Cochlear prosthetics have proven to be extremely useful tools to provide auditory sensations to profoundly deaf patients and have restored hearing to tens of thousands of individuals around the world. Although the electrical stimulation poorly represents cochlear place information, temporal information is reliably represented. This is obviously sufficient for frequency discrimination over lower frequencies and thus makes human speech comprehension possible. In congenitally deaf children, cochlear implants enable language development, but the outcome is critically dependent on the age of implantation. Congenitally deaf subjects implanted in adulthood show a markedly poorer performance in speech discrimination than subjects implanted in childhood. The optimum implantation age appears to be under five years of age.
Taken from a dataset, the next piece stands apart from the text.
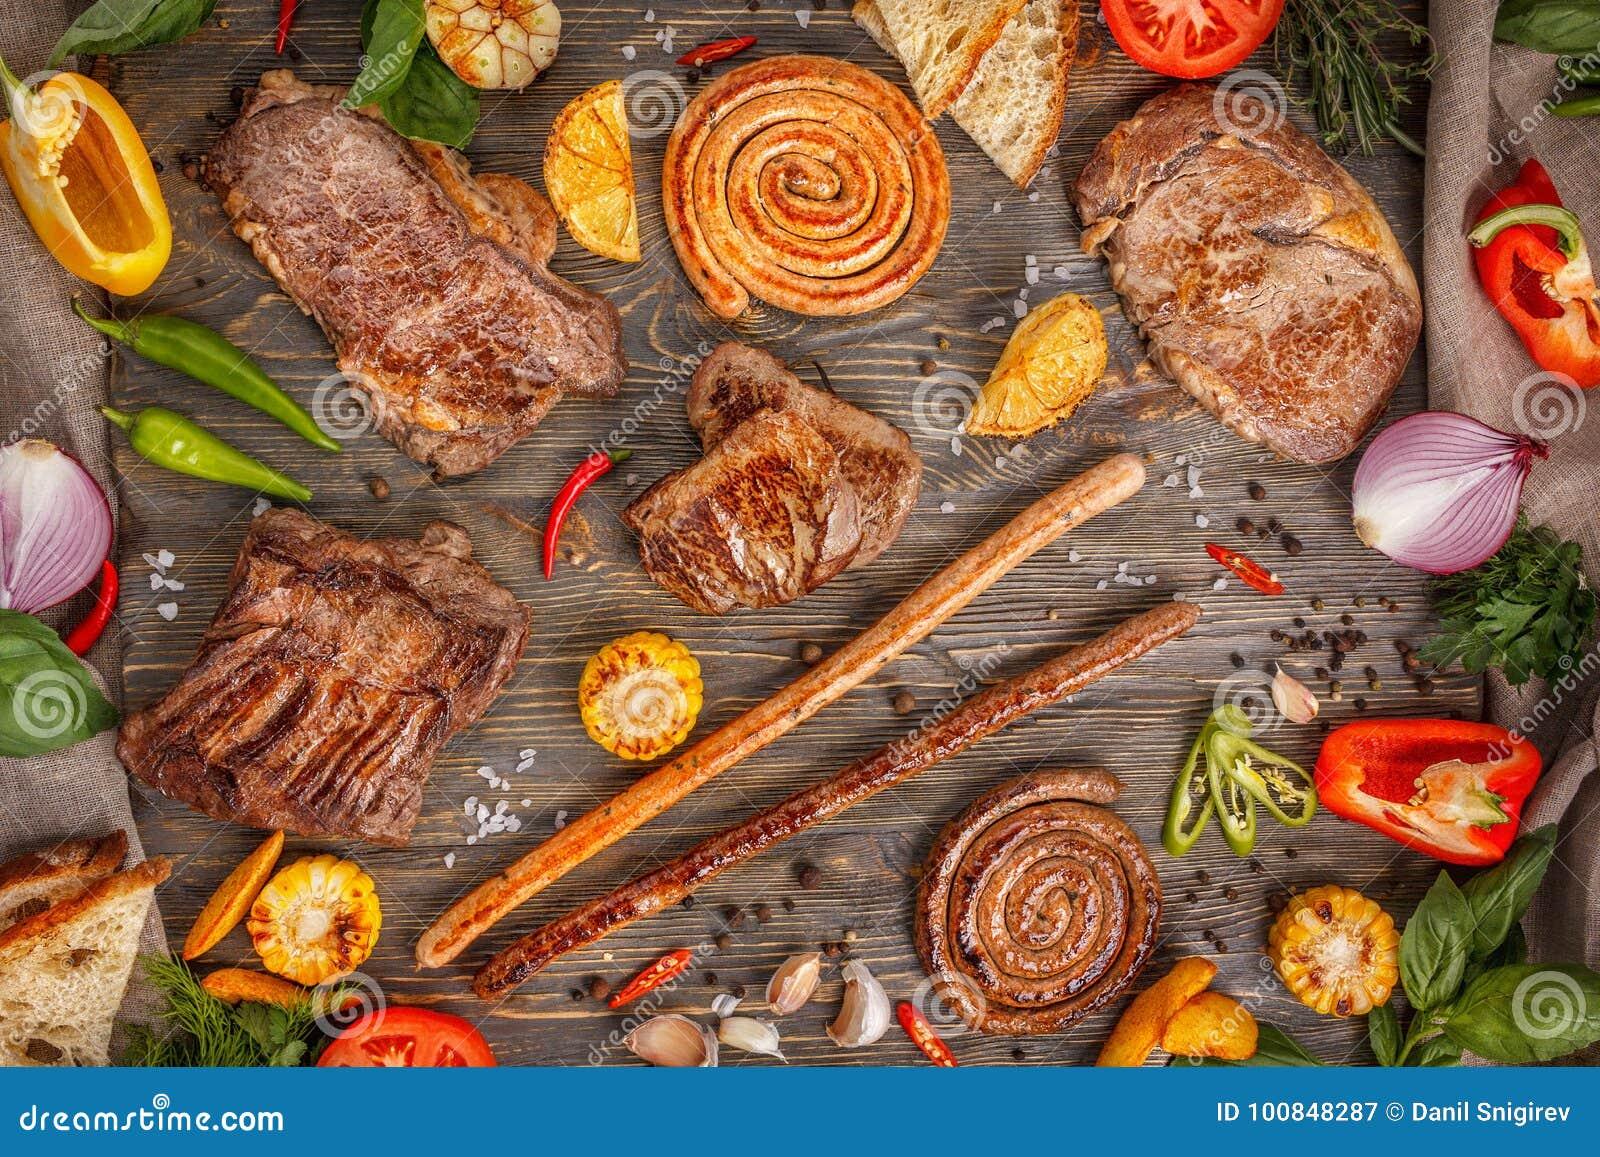 grönsaker till grillat kött

Our long-term goal is to understand and define the capabilities of the auditory cortex to establish acoustic function following cochlear implant. By understanding how the cerebral cortex can adapt to process signals generated by a cochlear prosthetic, it will be possible to alter cochlear prosthetics to better serve the needs of the cerebrum. This endeavor requires four steps: 1) The elucidation of the essential contributions that primary and non-primary auditory cortex make to fundamental acoustically-guided behaviours in the hearing condition, 2) A determination of the acoustic abilities of congenitally deaf subjects following cochlear implant, 3) An assessment of the behavioural capabilities of primary and non-primary auditory cortex following cochlear implant in congenitally deaf subjects, and 4) An examination of the plastic changes that can be made by the auditory cortex when the age at time of cochlear implant is altered. We are presently examining the first three steps.
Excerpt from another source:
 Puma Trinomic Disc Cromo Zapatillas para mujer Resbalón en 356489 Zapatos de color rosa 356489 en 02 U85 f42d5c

To that end, we are examining auditory cortical function in the hearing animal and in the congenitally-deaf (CD) animal following cochlear implant. Specifically, we will test the animals on a battery of tasks that require the subjects to: 1) discriminate temporal patterns of the same duration; 2) discriminate acoustic stimuli that differ only in their temporal duration; 3) discriminate different frequencies; 4) discriminate different natural vocalizations; and 5) detect the presence of an acoustic stimulus. Each auditory area is reversibly deactivated with cooling. As multiple bilateral pairs of cooling loops are implanted in the same animal, it is possible for double and even triple dissociations to be performed. The second aim in the study is to determine what acoustic abilities CD animals with cochlear prosthetics implanted early in development (2 months of age, correlating to 2-5 years old in humans) can establish. We hypothesize that the animals will be able to attain high performance levels on the tasks examined in Aim 1. The results of the first two aims are brought together in Aim 3, where we combine the CD animals with cochlear implants examined in Aim 2 with the reversible cooling deactivation technique used in Aim 1 to determine how the normal functional organization of primary and non-primary auditory cortex differs from that established following early cochlear implant. To accomplish this we reversibly deactivate each auditory area in the CD animals with cochlear implants while performing the battery of auditory tasks and compare the results with those from the intact subjects in Aim 1. The results from these studies are directly applicable to clinical studies presently investigating the functional outcomes of cochlear implants in young children.

These experiments are conducted in collaboration with Dr. Andrej Kral (University of Hannover).